Advantage and Data in the Modern World of Business
The modern world is completely ga-ga over data. Data is everything — it will sing magical songs to you. No, it won’t. Data analysis without hypothesis is just data mining. But if you use data — and the ever-increasing capacity to collect and process data faster — to refine, deepen, and enhance your understanding of your current room, you will be able to answer questions and frame new questions that will get you into the next room, and get there earlier. To me, the advantages of Google, Amazon, Facebook, Uber, and Netflix are not static moats but rather the product of their use of data to get to the next room, and the next, and the next — before their competitors. I have no doubt that as it established its massive lead, Netflix was asking questions about exactly how entertainment consumers chose content that Time Warner, Comcast and others just weren’t even imagining were questions. And same with Uber versus Lyft. When these companies refer to data advantage, it is really a questions advantage. Only if you have a great question can you get a great answer.

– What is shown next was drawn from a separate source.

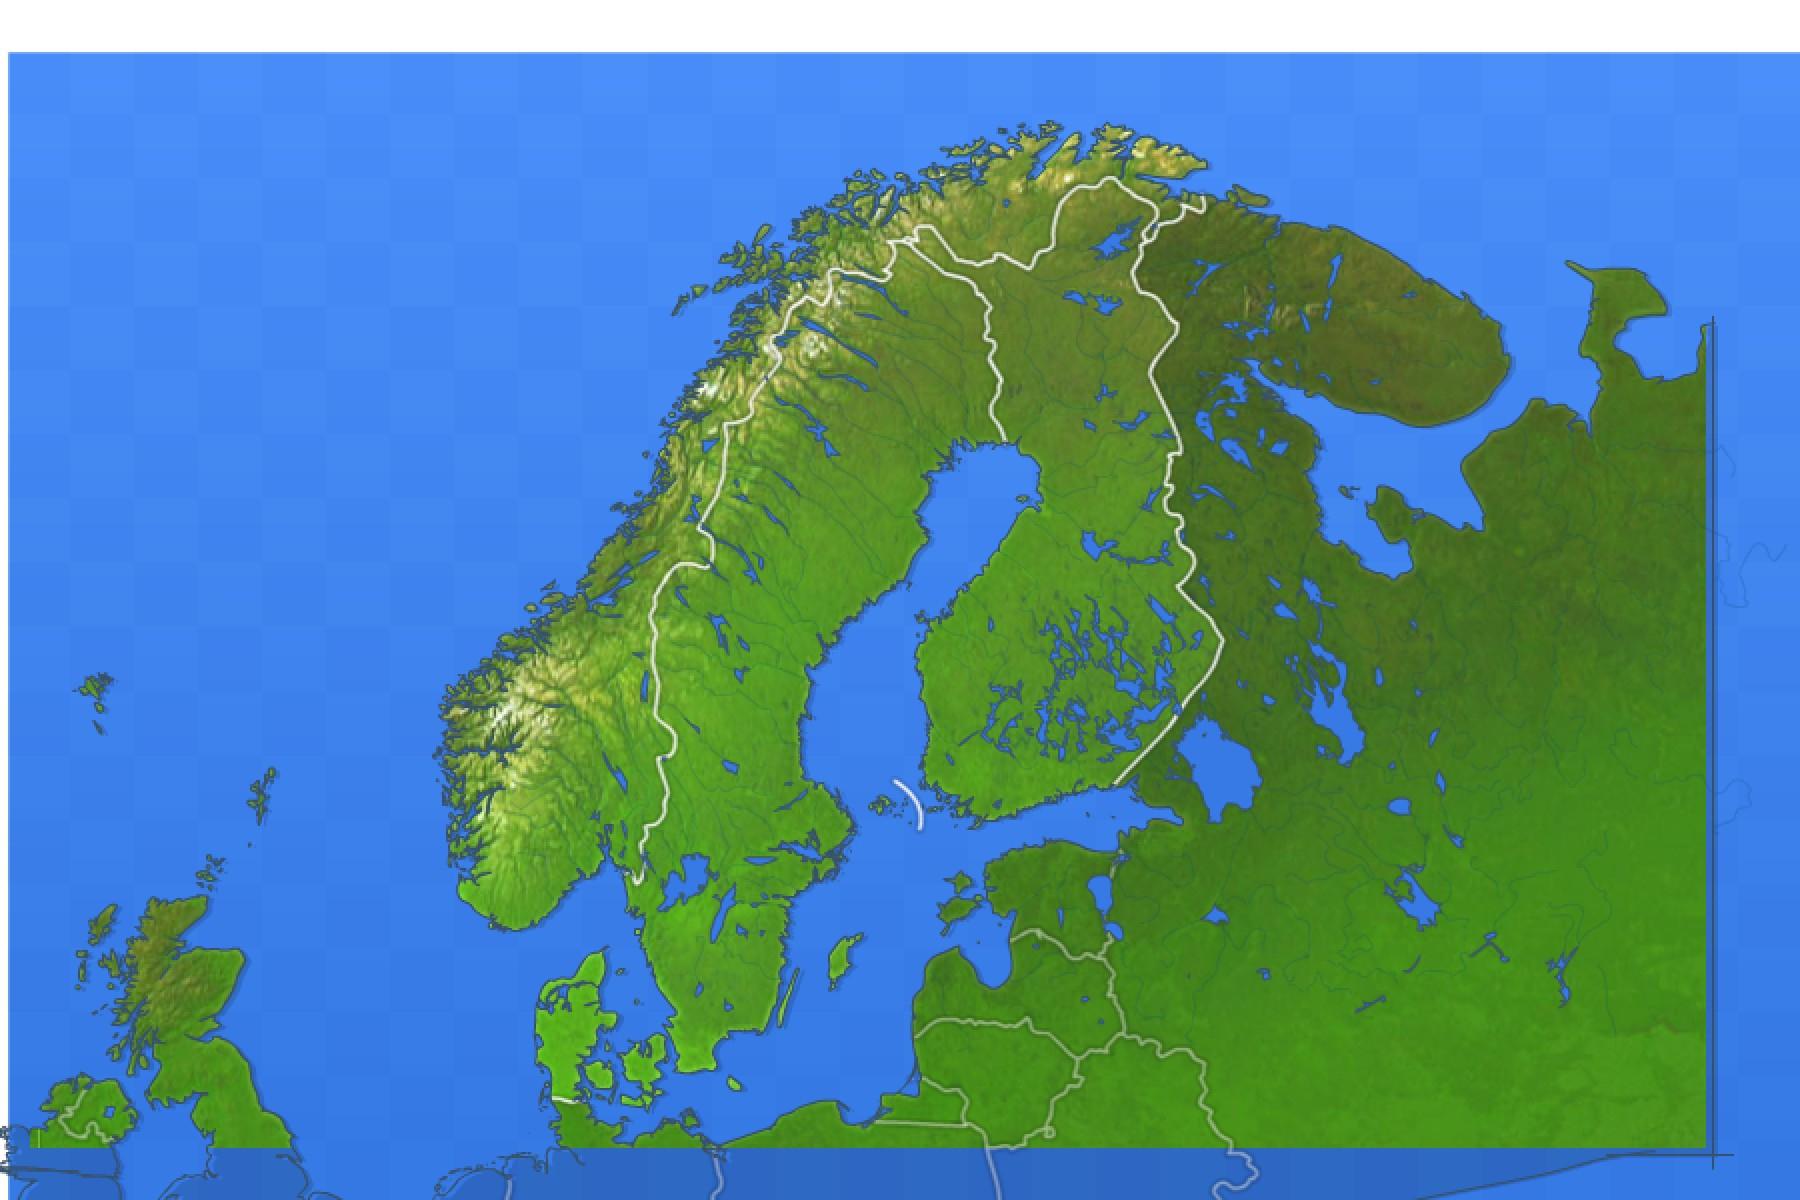 Jeux-Geographiques Jeux Gratuits Jeu Villes De Scandinavie intérieur Jeux Geographique
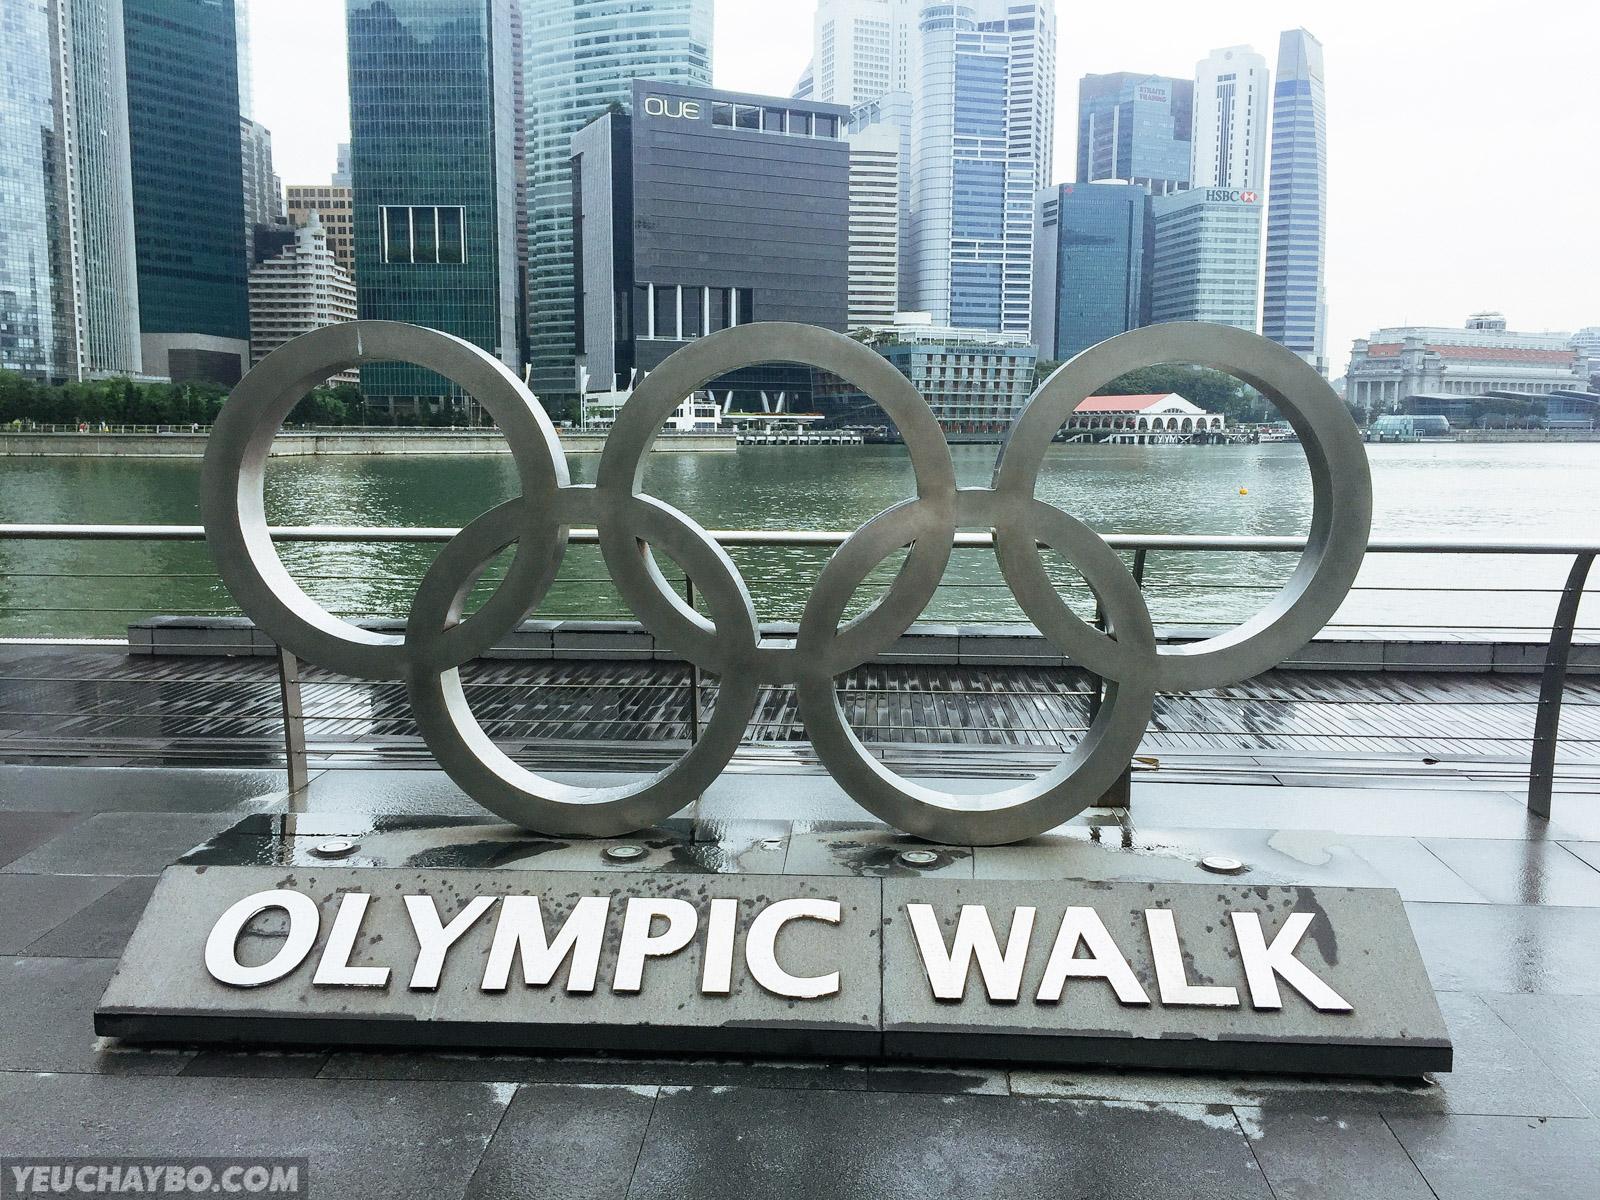 Đường đi bộ xunh quanh Marina Bay được gọi là Olympic Walk

However, it is very easy to get self-satisfied and stop asking the questions that will enable transit into the next room. I believe that is happening to some of the tech giants. They should always be in the next room rather than watching upstarts frolic in that room!
Practitioner Insights
Be very deliberate about the questions you ask about your business. Invest heavily in the activity. Never just do. Do and reflect. Ask yourself, how can I ask more sophisticated questions about my business? Is it by interacting more with customers? Is it by being more systematic about the data that we collect about them? Is it by hanging out with technologists working in my industry? Is it by paying attention to anomalies? Rather than dismissing anomalies because they are anomalous, ask: how can I think about this anomaly as a leading indicator, not a one-off?
The goal is to acquire clues as to what is the next set of questions, because when you figure out what those questions are, you can slip through the curtains to the next room. And as long as you are in that room, you have a monumentally valuable lead in the ability to answer the next questions, and get through the next curtains, and so on. If you see any competitor appearing to ask questions that you are not yet asking, that is your signal that you better start understanding those questions because it is a threat to your survival. If they get to operate in the next room before you, it could be all over.
Always think about advantage as ever-evolving. It isn’t a moat. If you think it is, you won’t focus enough on the next room. And the advantage of always being in the next room is truly powerful — a truly renewable resource that is well worth pursuing.